= Beginning of Section =
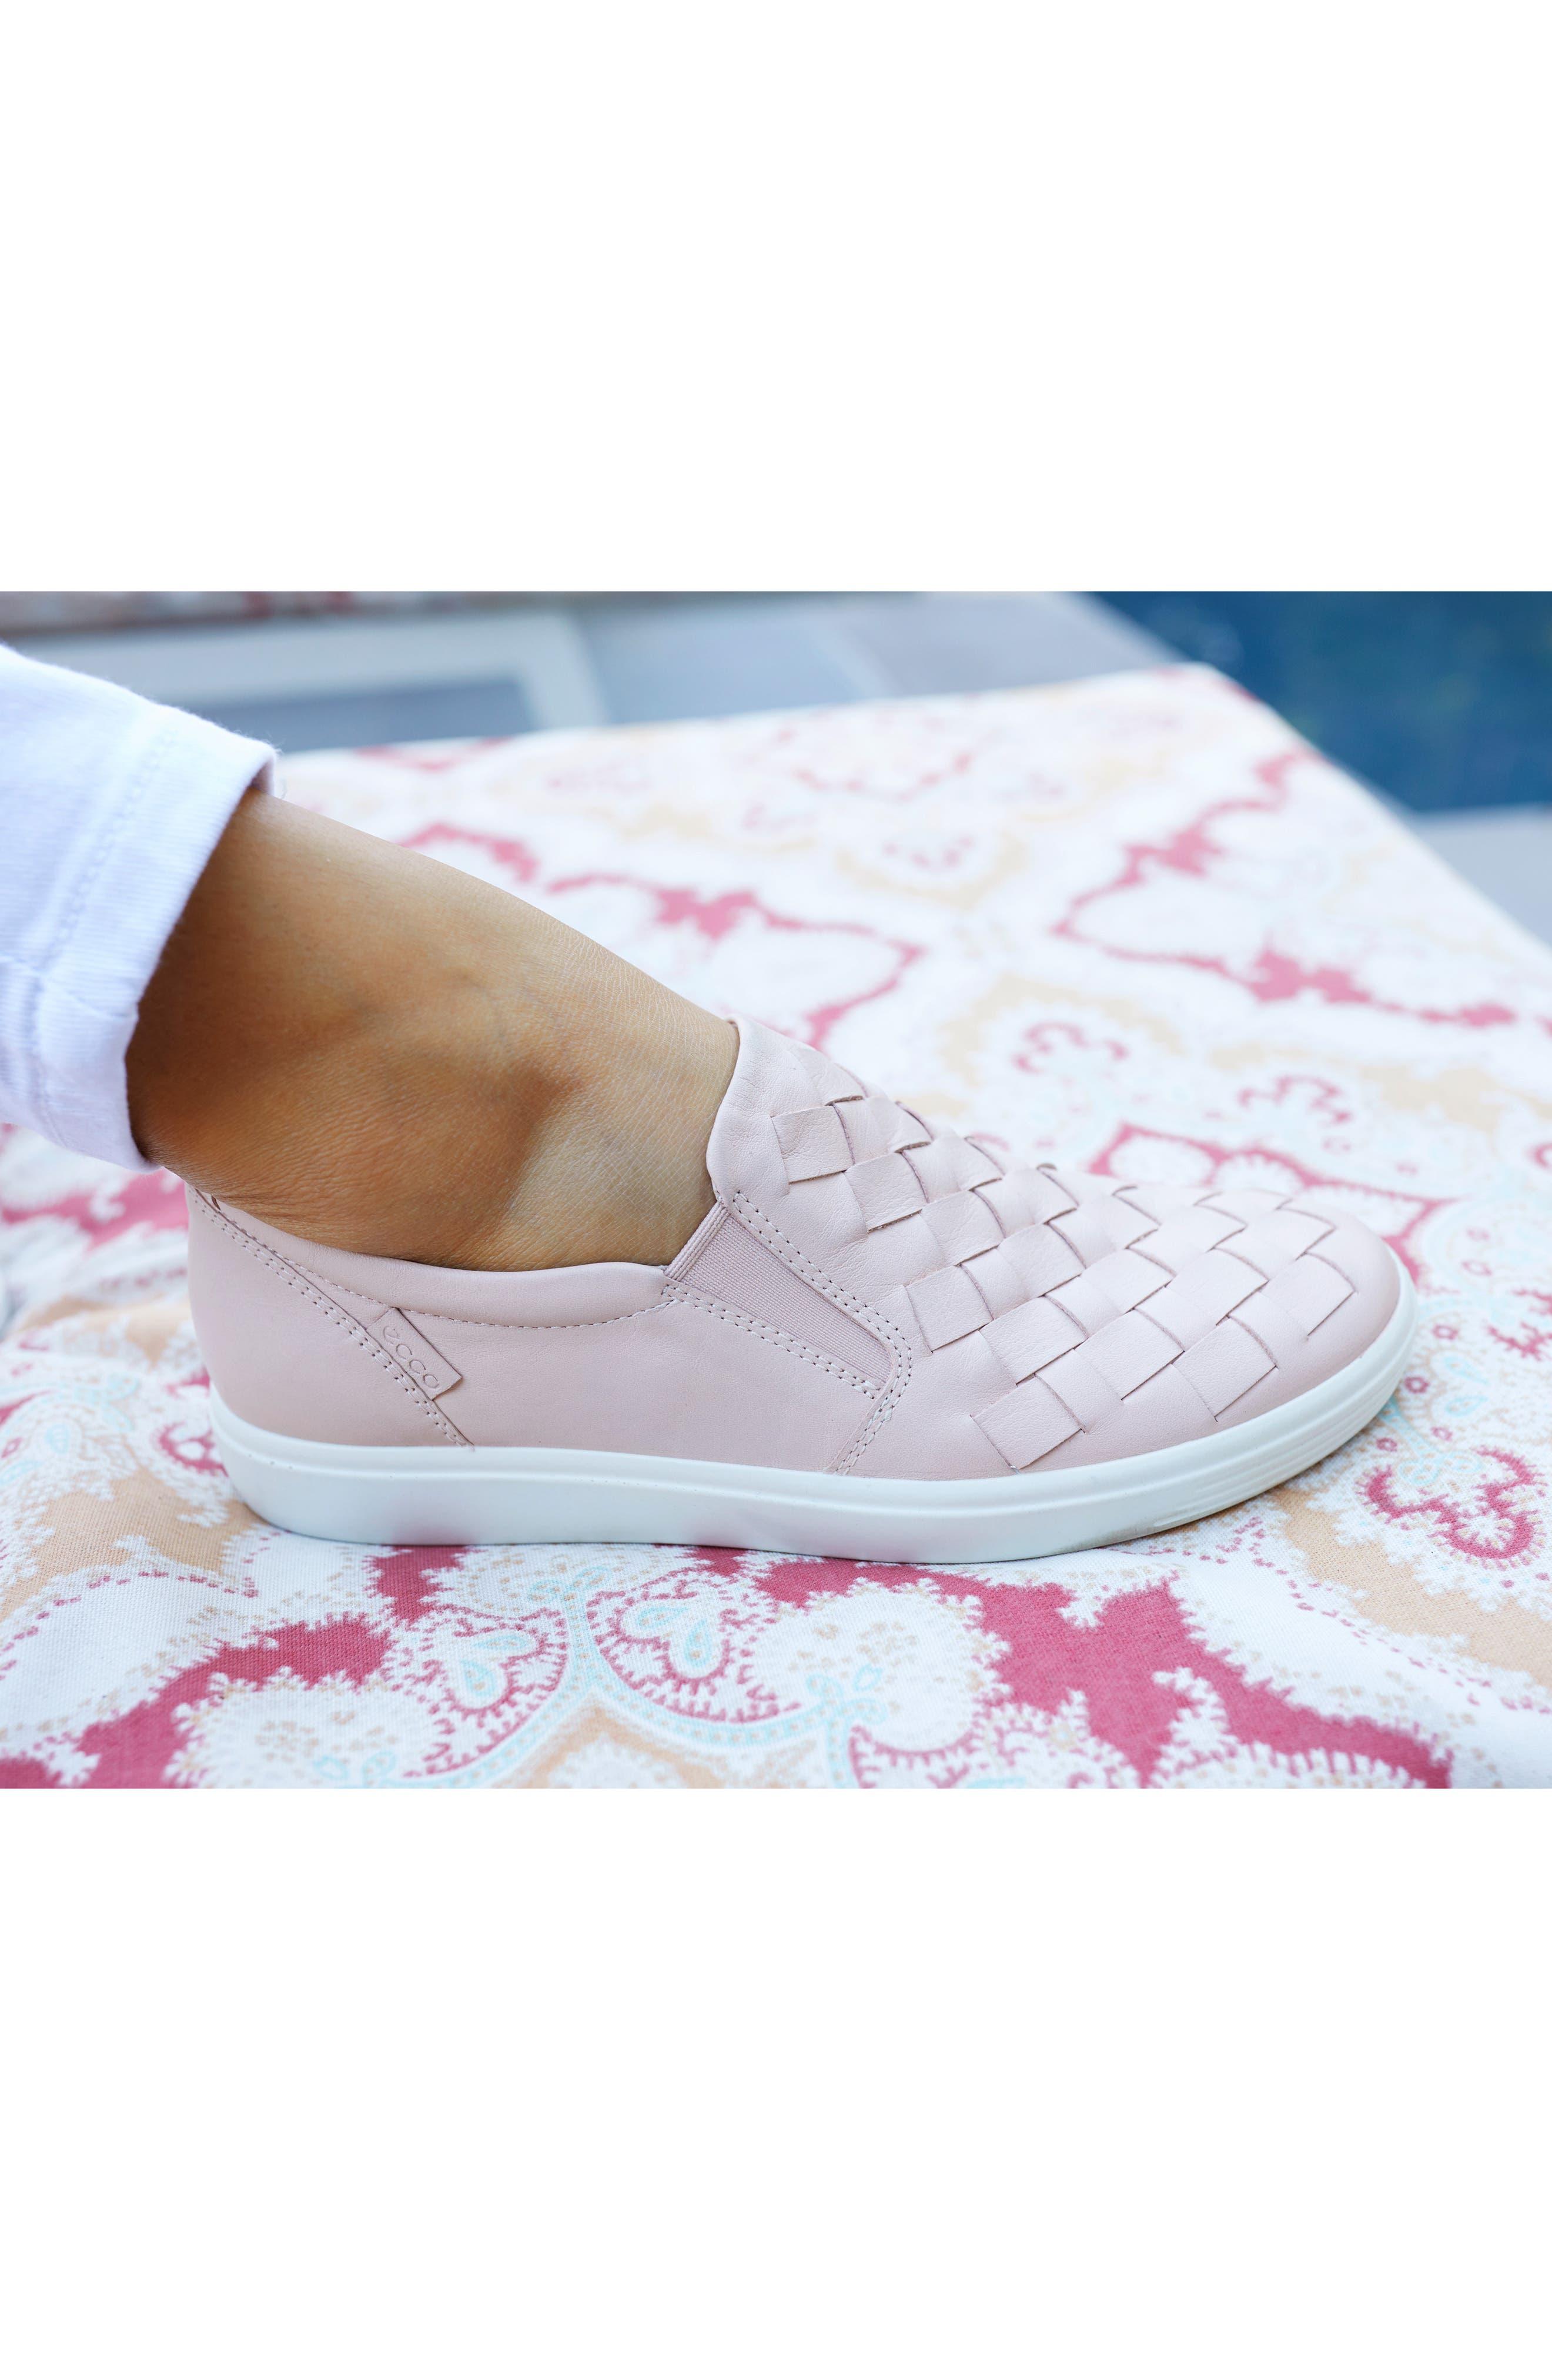 ECCO, Soft 7 Woven Slip-On Sneaker, Alternate thumbnail 7, color, ROSE DUST LEATHER
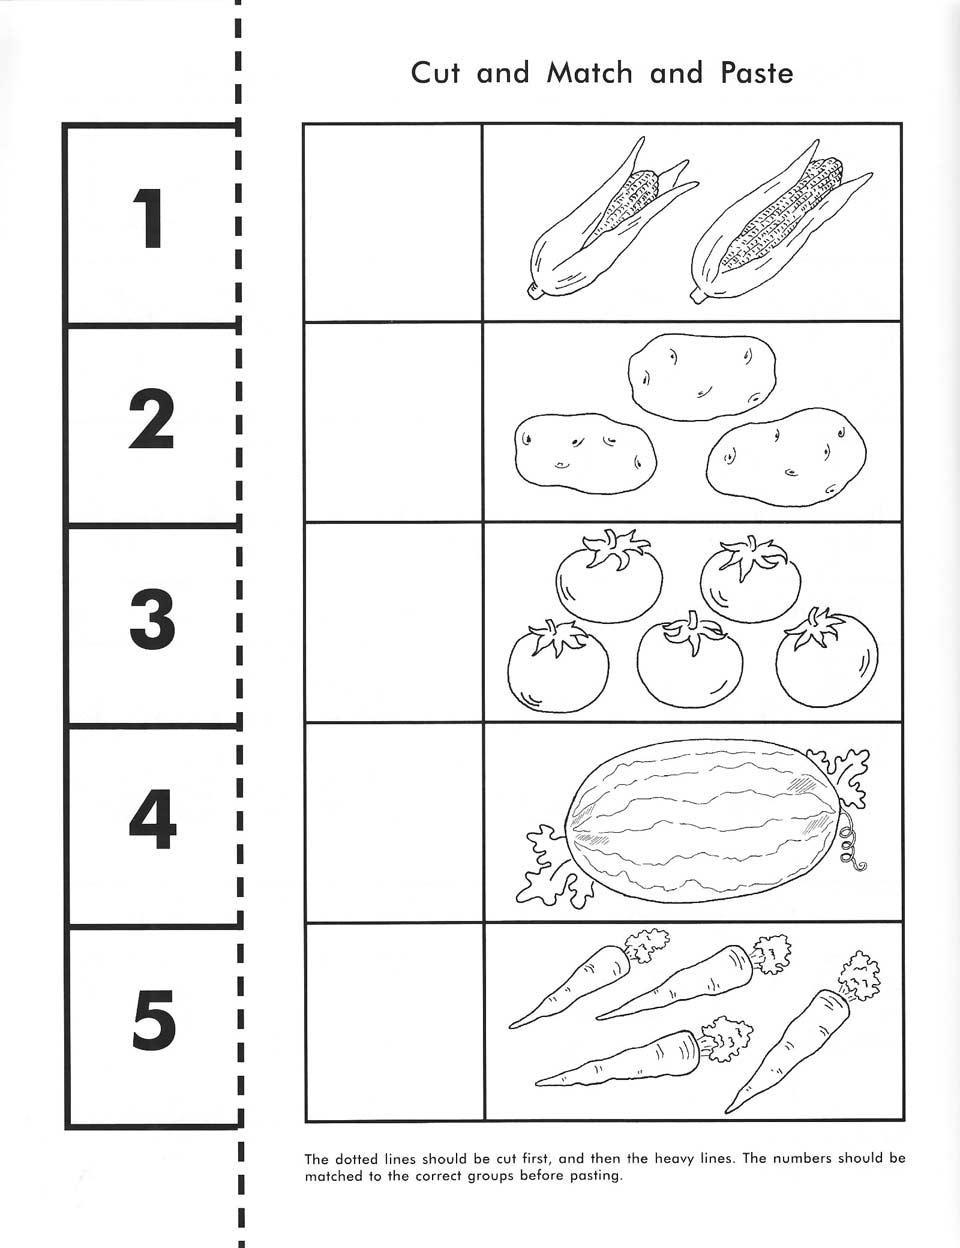 Kindergarten: Esl Printable Worksheets For Kids Games Christmas - Free Printable Activities For Preschoolers
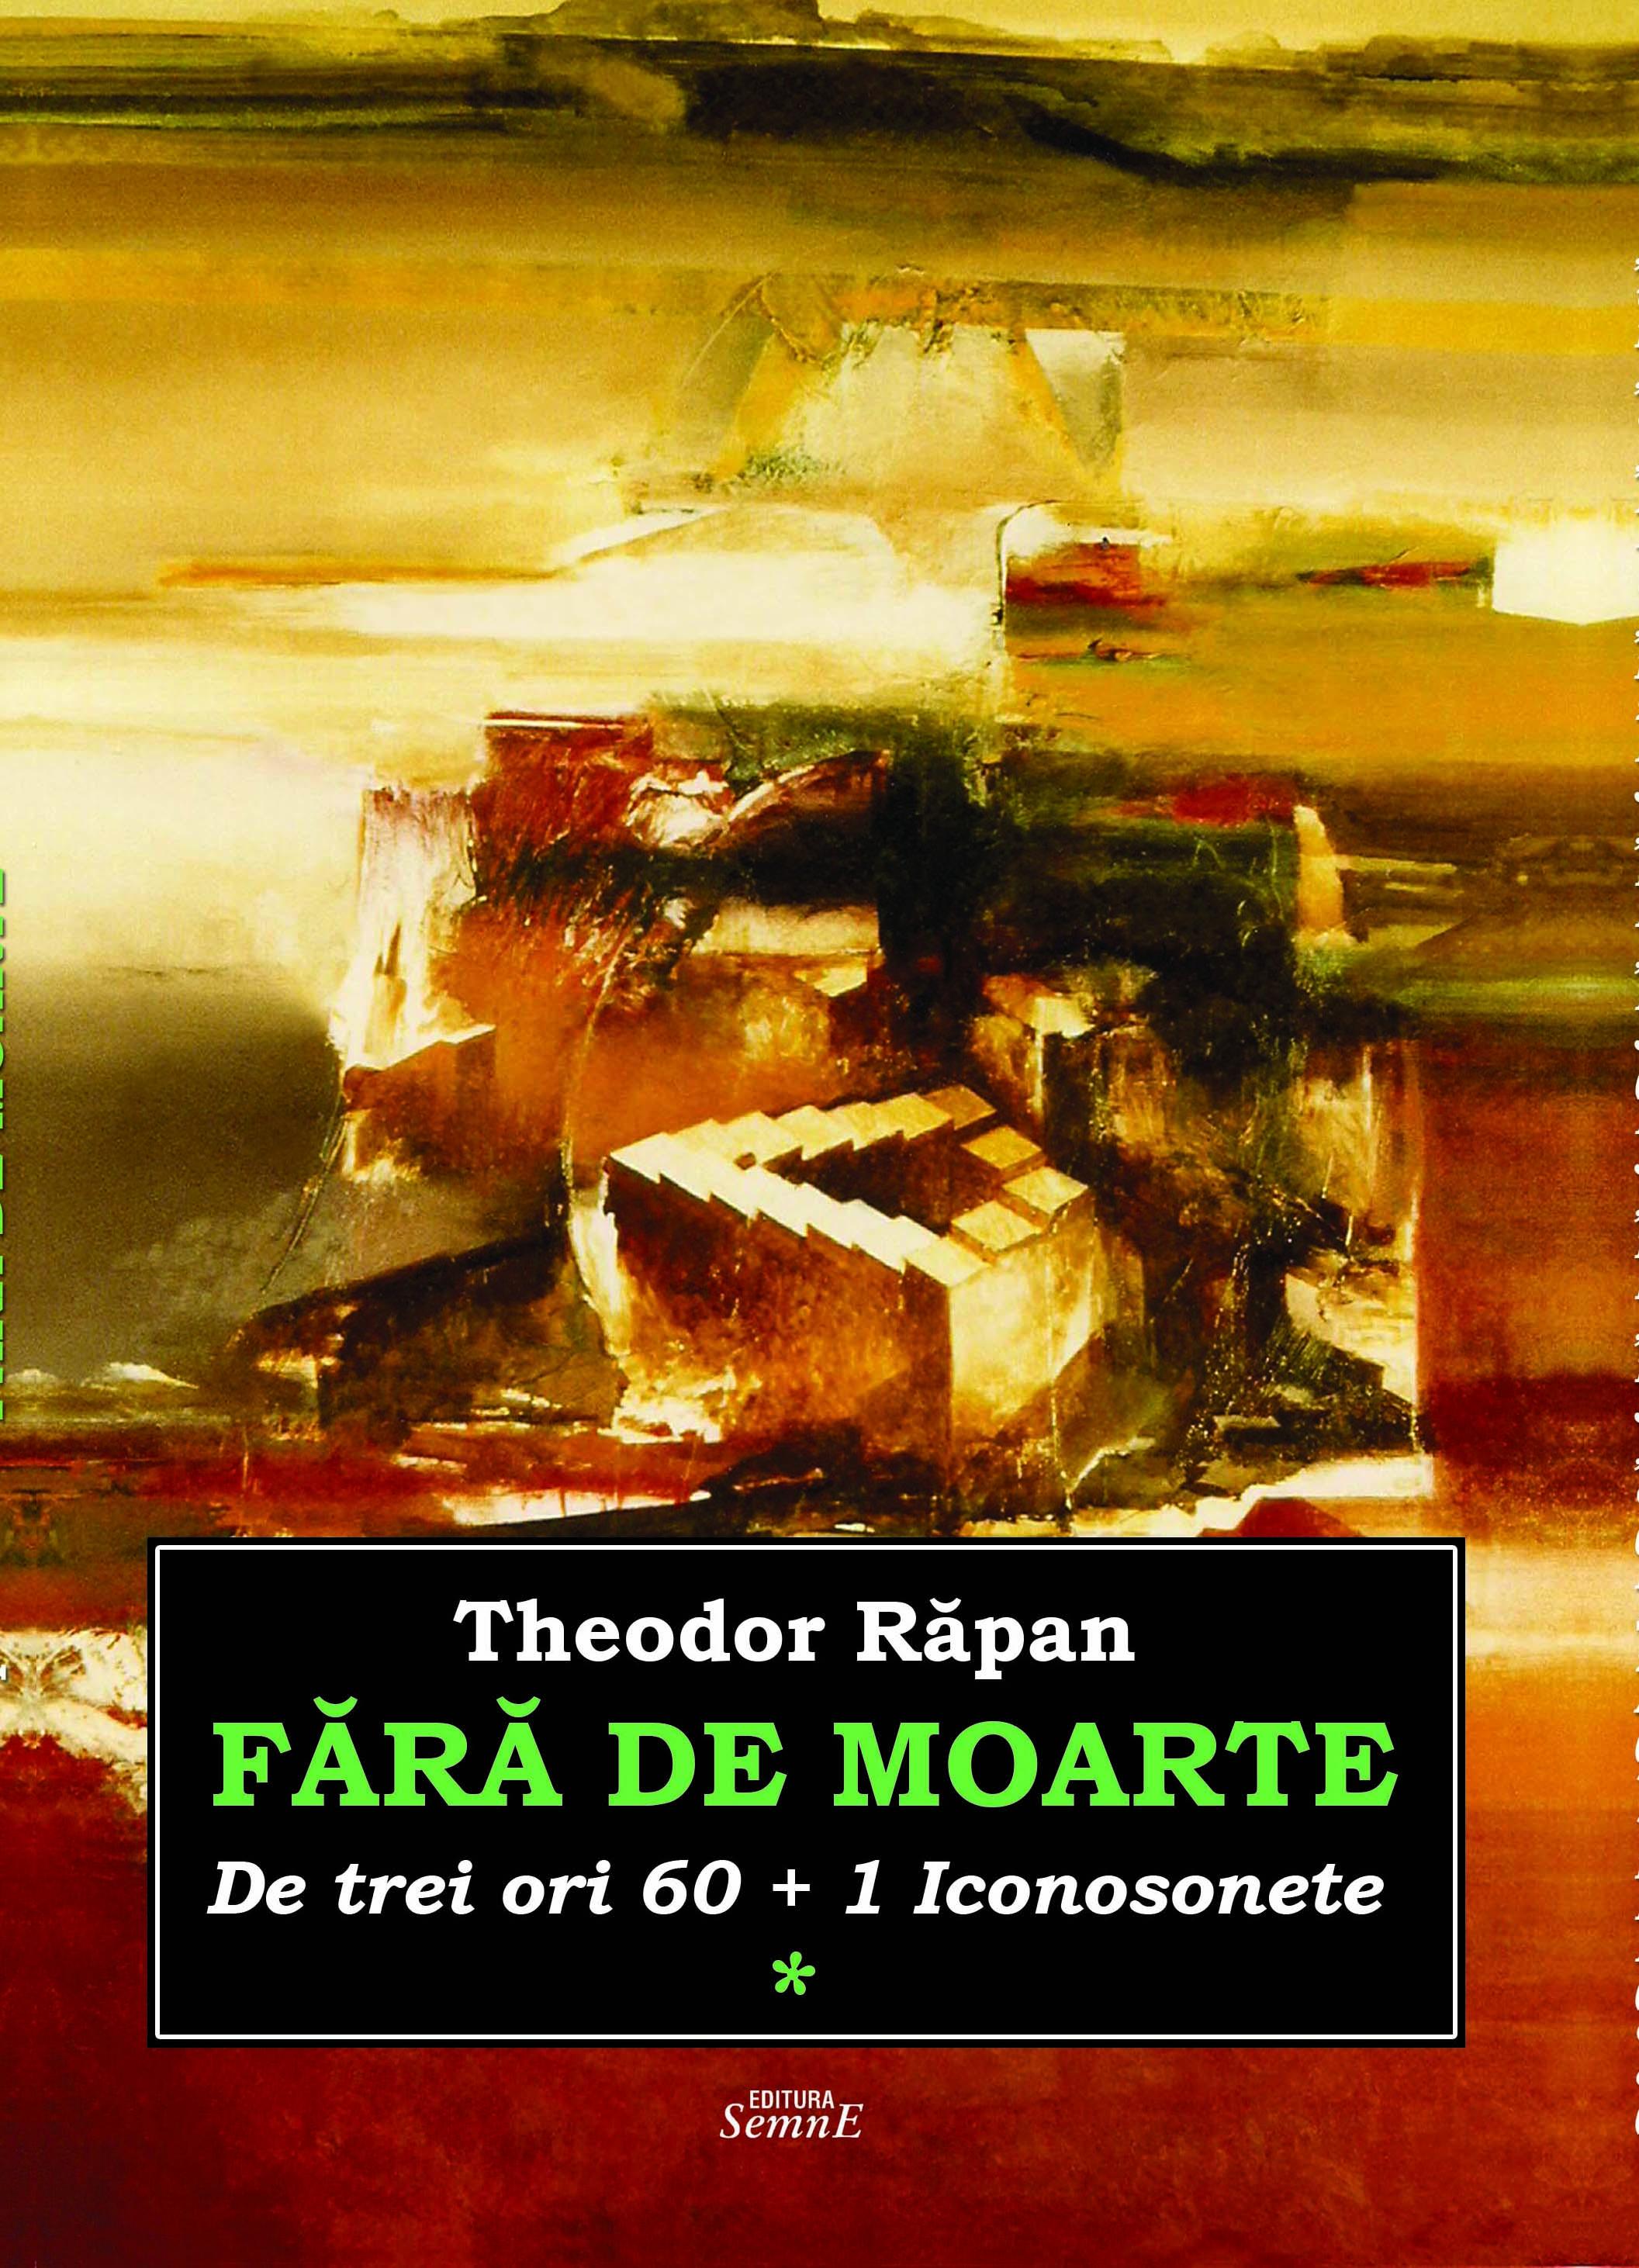 cop_fara_moarte1
= End of Section =
◆ **Brief**
Pictures are to be omitted from the copy, and only the lines from the one containing "Kindergarten: Esl Printable" through the final line of the listing above are to be written out exactly.

◆ **Answer to this problem**
 Kindergarten: Esl Printable Worksheets For Kids Games Christmas - Free Printable Activities For Preschoolers
 cop_fara_moarte1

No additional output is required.